The other side of the LM350 limit is Vi-Vo>3V.

So if you have another LM350 use them in series to do this:

Use the 12V of the transformer!
12VAC -->retifier+filter cap-->LM350T output set to about at 11V-->LM350T output set to 6V.
important:;
use a full rectifier ( bridge or dual diode) not a single diode!
also use the protection diodes for the LM350s.

If you desire the lowest ripple possible use Cadj=10uF
it will be something so low you can't measure...

On the inputs of the LM350s use a 0.1uF to ground,
very close to the inputs ans very short wires.
Between the two just a 0.1uf (no electrolyte needed).

 

[Old Steve]

you always say IMO, what does that mean?

In My Opinion

 

[Mike Taylor]

Roger the full wave bridge. Wouldn't get the amperage I need with half wave.

 

[Mike Taylor]

Dorke, where does Cadj go? Same as C2 in the above diagram? Last sentenance of your last note - between the two inputs of the LM350's?

 

[Old Steve]

Dorke, where does Cadj go? Same as C2 in the above diagram? Last sentenance of your last note - between the two inputs of the LM350's?

Even I can answer that - you're right, Cadj = C2 in the diagram in post #3, (from the adjust pin to ground).
And for two series LM350s, the 0.1uF dorke mentioned would go from the output of the first reg, (which is also the input of the second reg), to ground.
And the same diodes as in the diagram in post #3, fitted to both regulators.

 

[(*steve*)]

Dorke, where does Cadj go?
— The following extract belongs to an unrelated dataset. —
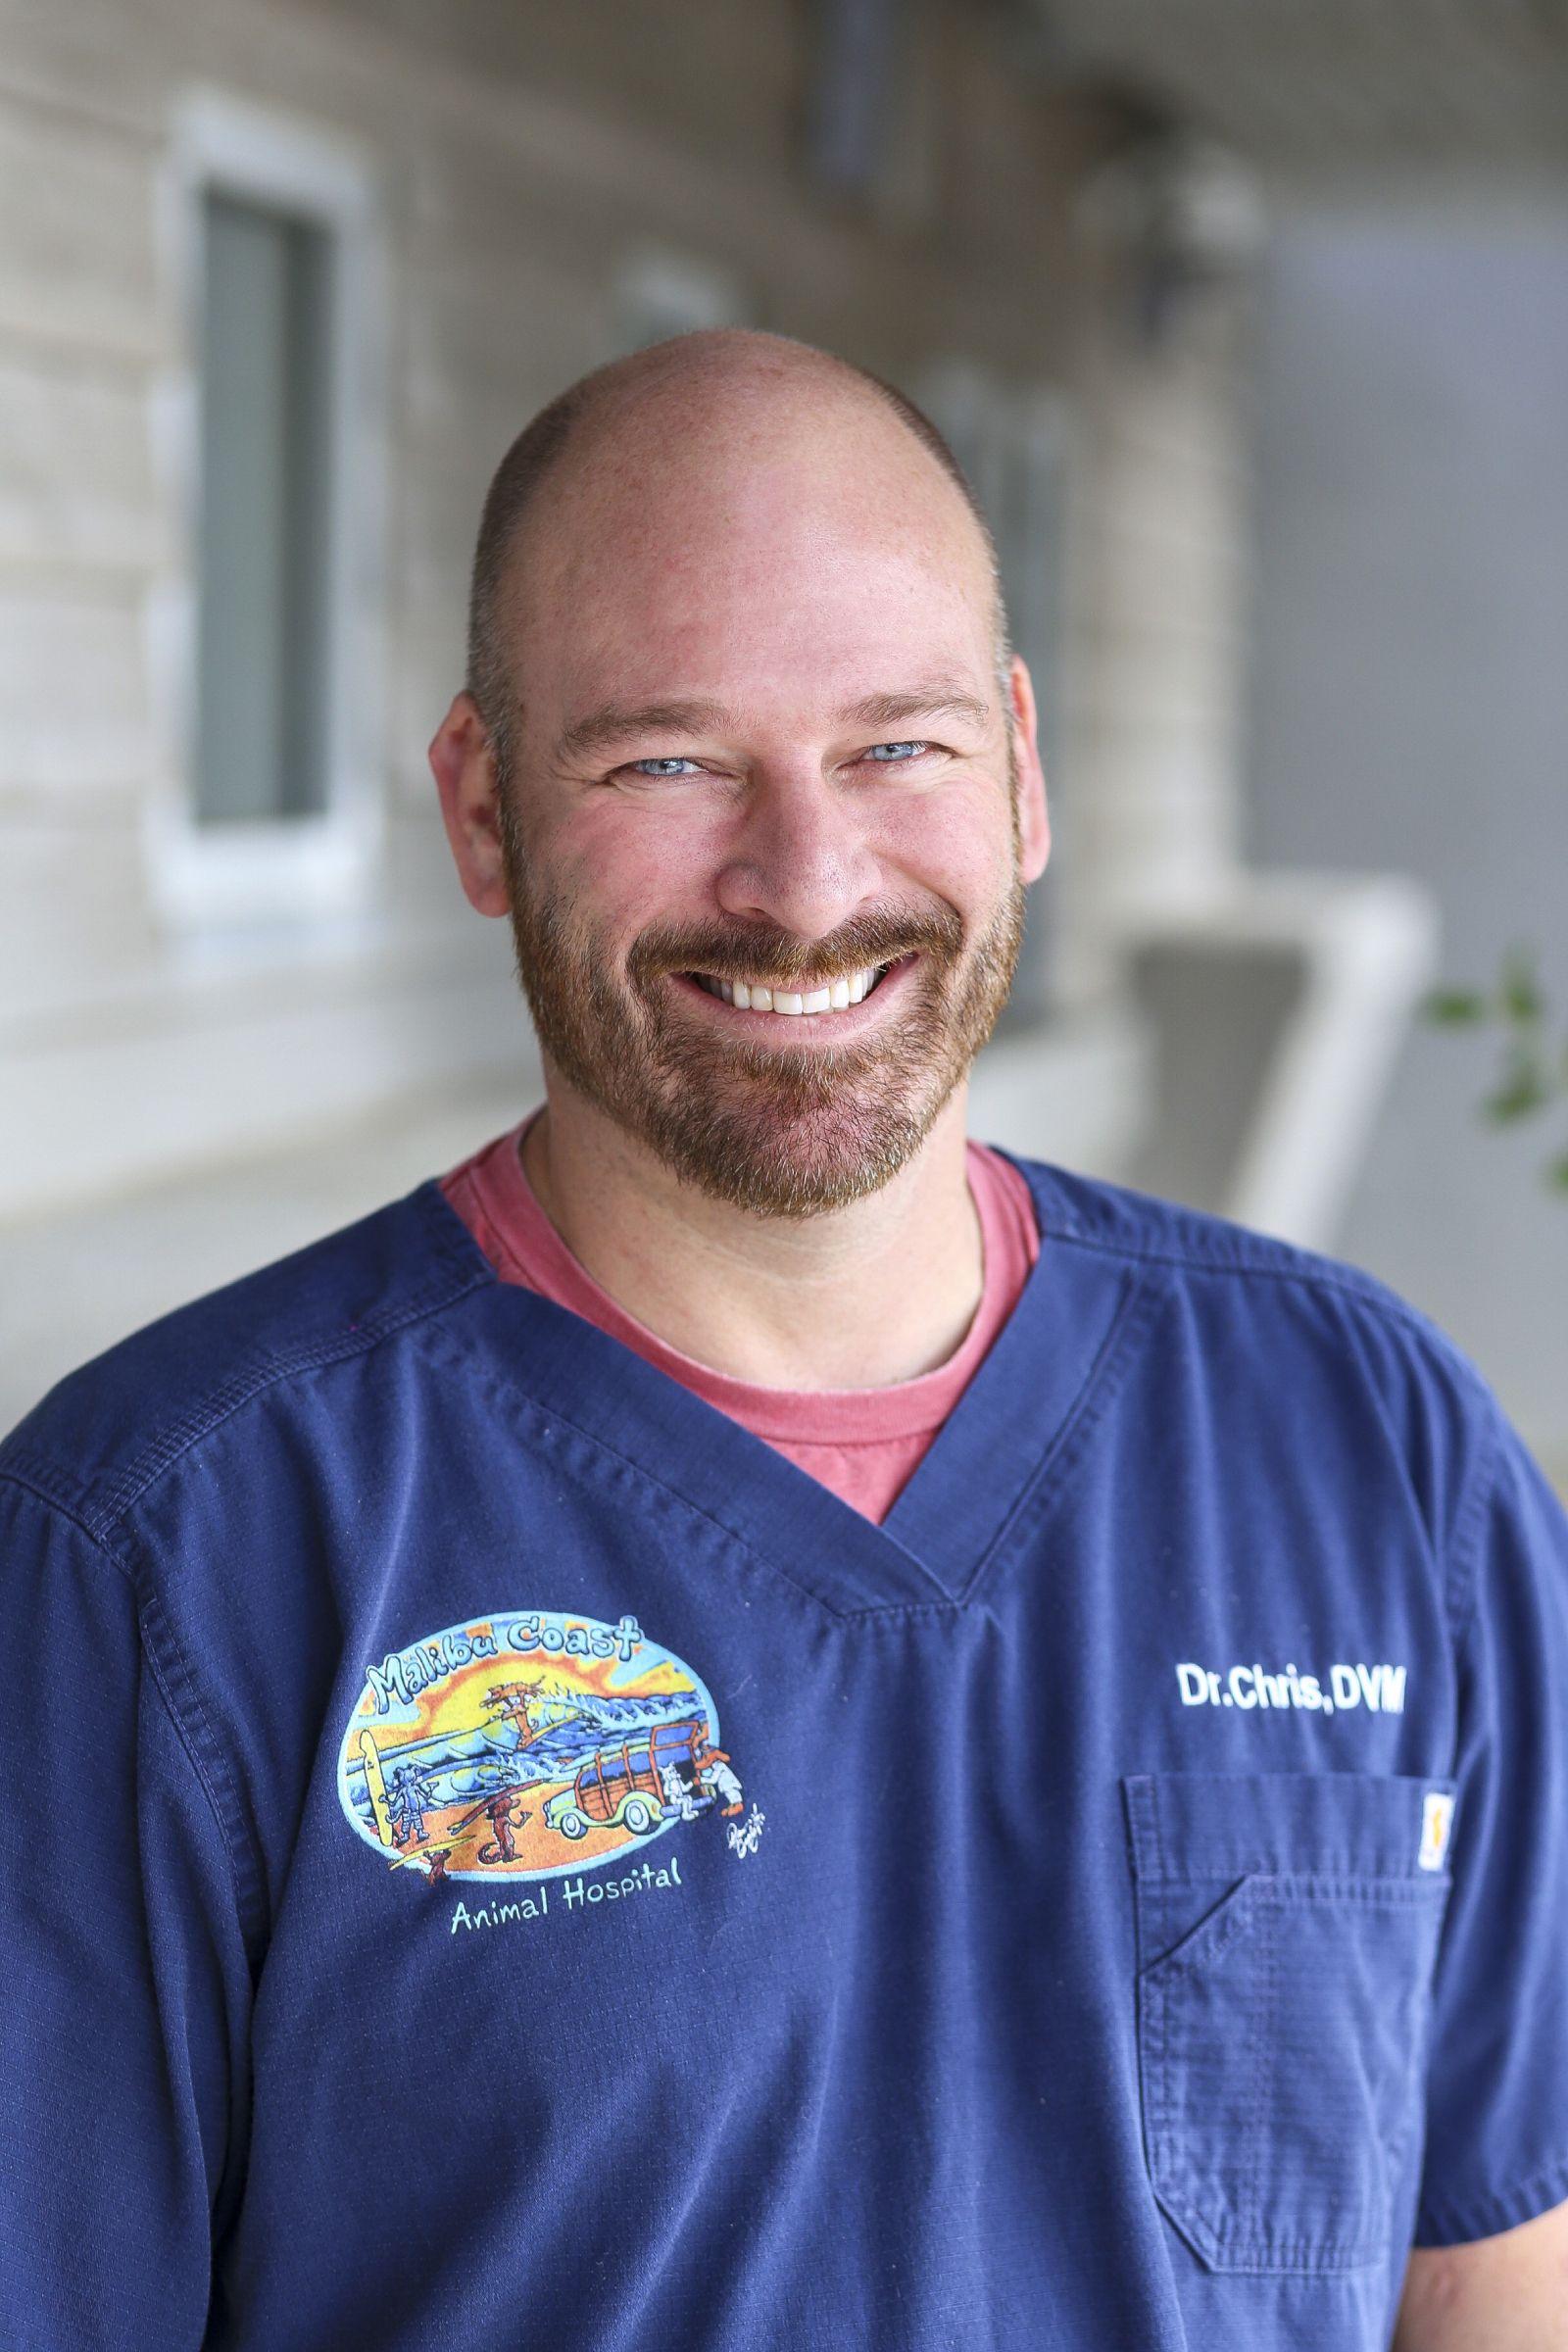 Dr. Chris Shule

Same as C2 in the above diagram? Last sentenance of your last note - between the two inputs of the LM350's?

That, and the DC produced has far greater ripple under load.

The last sentence means between the output of the first and the input of the second. I would place it as close to the input of the second (the same as you have been advised earlier).

 

[Mike Taylor]

Got the circuit pattern printed on paper. Next to transfer it to film and iron it to a board. I counted like 55 holes to drill. Not sure when I can populate the board. Taking a trip in a couple of days. I do have the design in a PDF file that I can put online.